Reading one value at a time

The easiest way to read from an input port is to use the read procedure that you've already encountered for reading from the keyboard. When you want read to read from the keyboard, you give it no parameters. When you want read to read from an input port, you give it that port as a parameter.

For example, let's read the first value in the sample file.

(let* (; Prepare to read from a file
       (source (open-input-file "...")) 
       ; Read one value
       (value (read source)))
  ; We're done, so clean up.
  (close-input-port source)
  ; Return the value read
  value)

Reading One Character at a Time

An input port can also be used as an argument to two primitive input procedures: read-char, which reads in (and returns) one character from the file on the other side of the input port, and peek-char, which looks through the input port to see what the next character in the file is, and returns that character, but does not actually read it in from the file.

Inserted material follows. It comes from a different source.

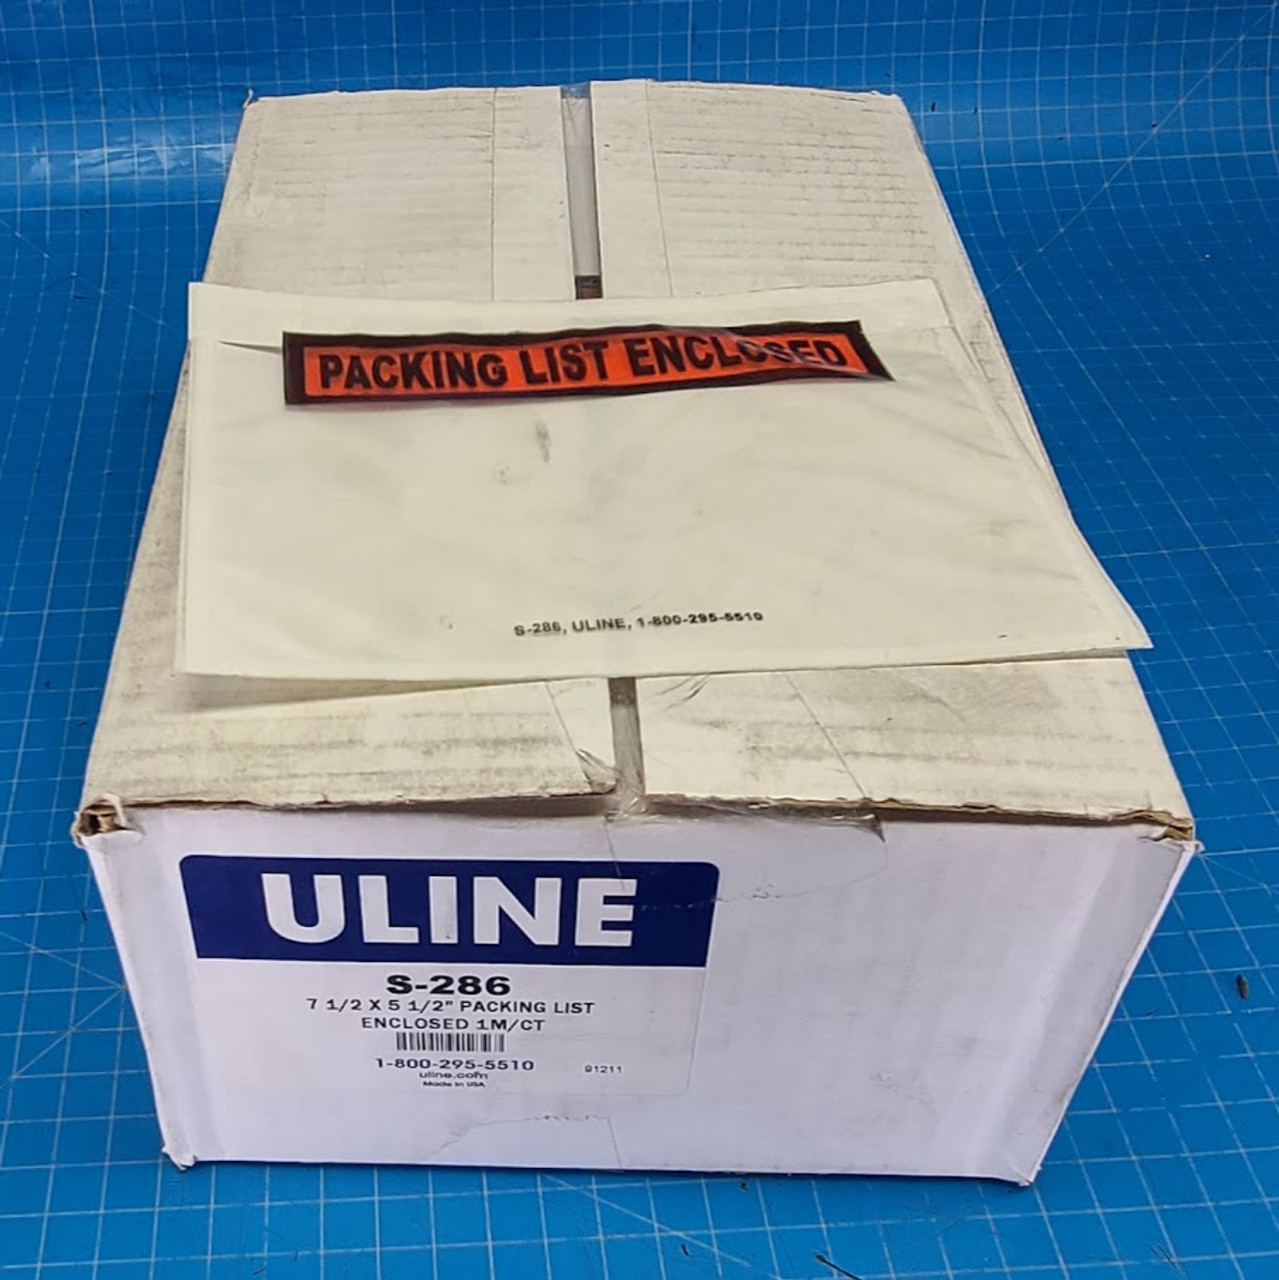 ULine 1000 count 7.5" x  5.5" Packing List Pouch S-286

The difference is that you can peek at the next character as often as you like, and it remains accessible through the input port, but once you read in a character there is no way to un-read it -- the port advances inexorably to the next character in the file.

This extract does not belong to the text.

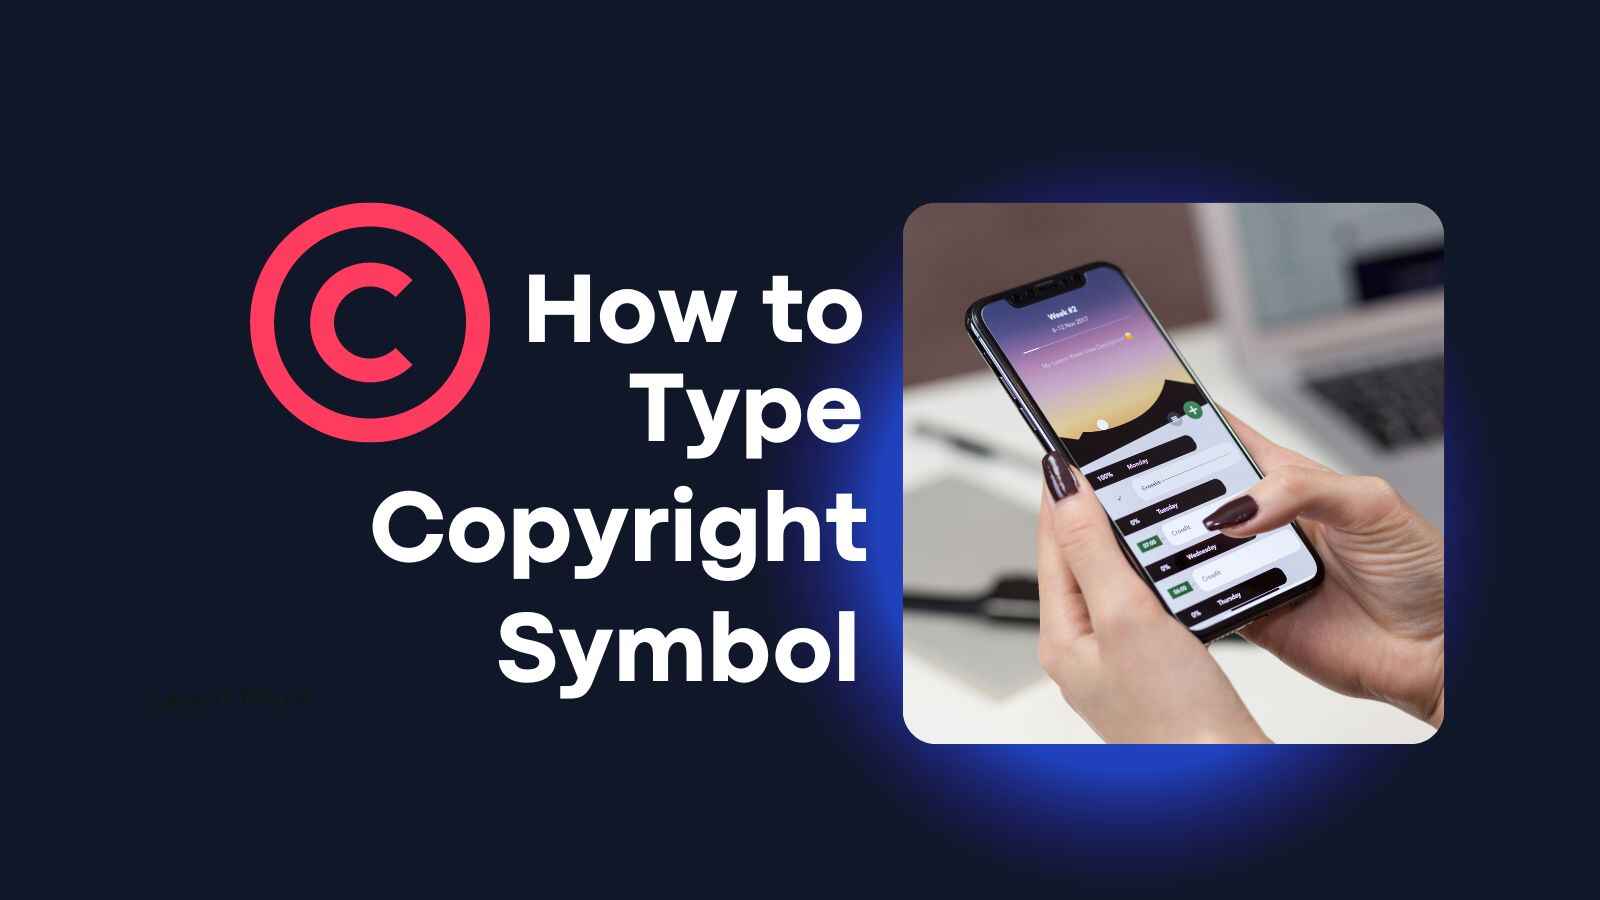 how to type copyright symbol on mac iphone android windows shortcut

For example, using the source input port that we defined above:

> (define source
    (open-input-file "/home/rebelsky/Web/Courses/CS151/2001S/Examples/hi.dat"))
> (read-char source)
#\H
> (peek-char source)
#\i
> (peek-char source)
#\i
> (read-char source)
#\i
> (read-char source)
#\space
> (close-input-port source)

Notice that the peek-char procedure peeks through the port to see what the next available character of the file is, and returns the character it sees. The read-char procedure pulls that character in through the port and returns it, leaving the port open with the following character accessible through it.

Finding the End of a File

Scheme automatically provides a sentinel for every file input port it opens. The sentinel is a special value known as the end-of-file object. It is returned by any of the three input procedures when there is nothing left to be read from the file. MzScheme prints the end-of-file object as #<eof>. To continue the preceding example,

> (define source
    (open-input-file "/home/rebelsky/Web/Courses/CS151/2001S/Examples/hi.dat"))
> (read-char source)
#\H
> (read-char source)
#\i
> (read-char source)
#\space
> (read-char source)
#\T
> (read-char source)
#\h
> (read-char source)
#\e
> (read-char source)
#\r
> (read-char source)
#\e
> (read-char source)
#\!
> (read-char source)
#\newline
> (peek-char source)
#<eof>
> (read-char source)
#<eof>
> (read-char source)
#<eof>

The end-of-file object is not a character, and there is no standard Scheme name for the end-of-file object, but there is a primitive predicate eof-object? that detects it:

> (eof-object? (read-char source))
#t

As an example of the use of read-char, here's the definition of a procedure called read-line, which reads in characters through a given input port until it reaches the end of the file or encounters a #\newline character, then returns a string containing all of the characters that it has read in:

;;; Procedure:
;;;   read-line
;;; Parameters:
;;;   source, an input port
;;; Purpose:
;;;   Read one line of input from a source and return that line
;;;   as a string.
;;; Produces:
;;;   line, a string
;;; Preconditions:
;;;   The source is open for reading. [Unverified]
;;; Postconditions: 
;;;   Has read characters from the source (thereby affecting
;;;     future calls to read-char and peek-char).
;;;   line represents the characters in the file from the
;;;     "current" point at the time read-line was called
;;;     until the first end-of-line or end-of-file character.
;;;   line does not contain a newline.
(define read-line
  (lambda (source)
    ; Read all the characters remaining on the line and
    ; then convert them to a string.
    (list->string (read-line-of-chars source))))

;;; Procedure:
;;;   read-line-of-chars
;;; Parameters:
;;;   source, an input port
;;; Purpose:
;;;   Read one line of input from a source and return that line
;;;   as a list of characters.
;;; Produces:
;;;   chars, a list of characters.
;;; Preconditions:
;;;   The source is open for reading. [Unverified]
;;; Postconditions: 
;;;   Has read characters from the source (thereby affecting
;;;     future calls to read-char and peek-char).
;;;   chars represents the characters in the file from the
;;;     "current" point at the time read-line was called
;;;     until the first end-of-line or end-of-file character.
;;;   chars does not contain a newline.
(define read-line-of-chars
  (lambda (source)
    ; Get the next character.
    (let ((next (read-char source)))
      ; If we're at the end of the line or the end of the file,
      ; then there are no more characters, so return the empty list.
      (if (or (eof-object? next)
              (char=? next #\newline))
          null
          ; Otherwise, read the remaining characters and shove this
          ; one on the front of the list.
          (cons next (read-line-of-chars source))))))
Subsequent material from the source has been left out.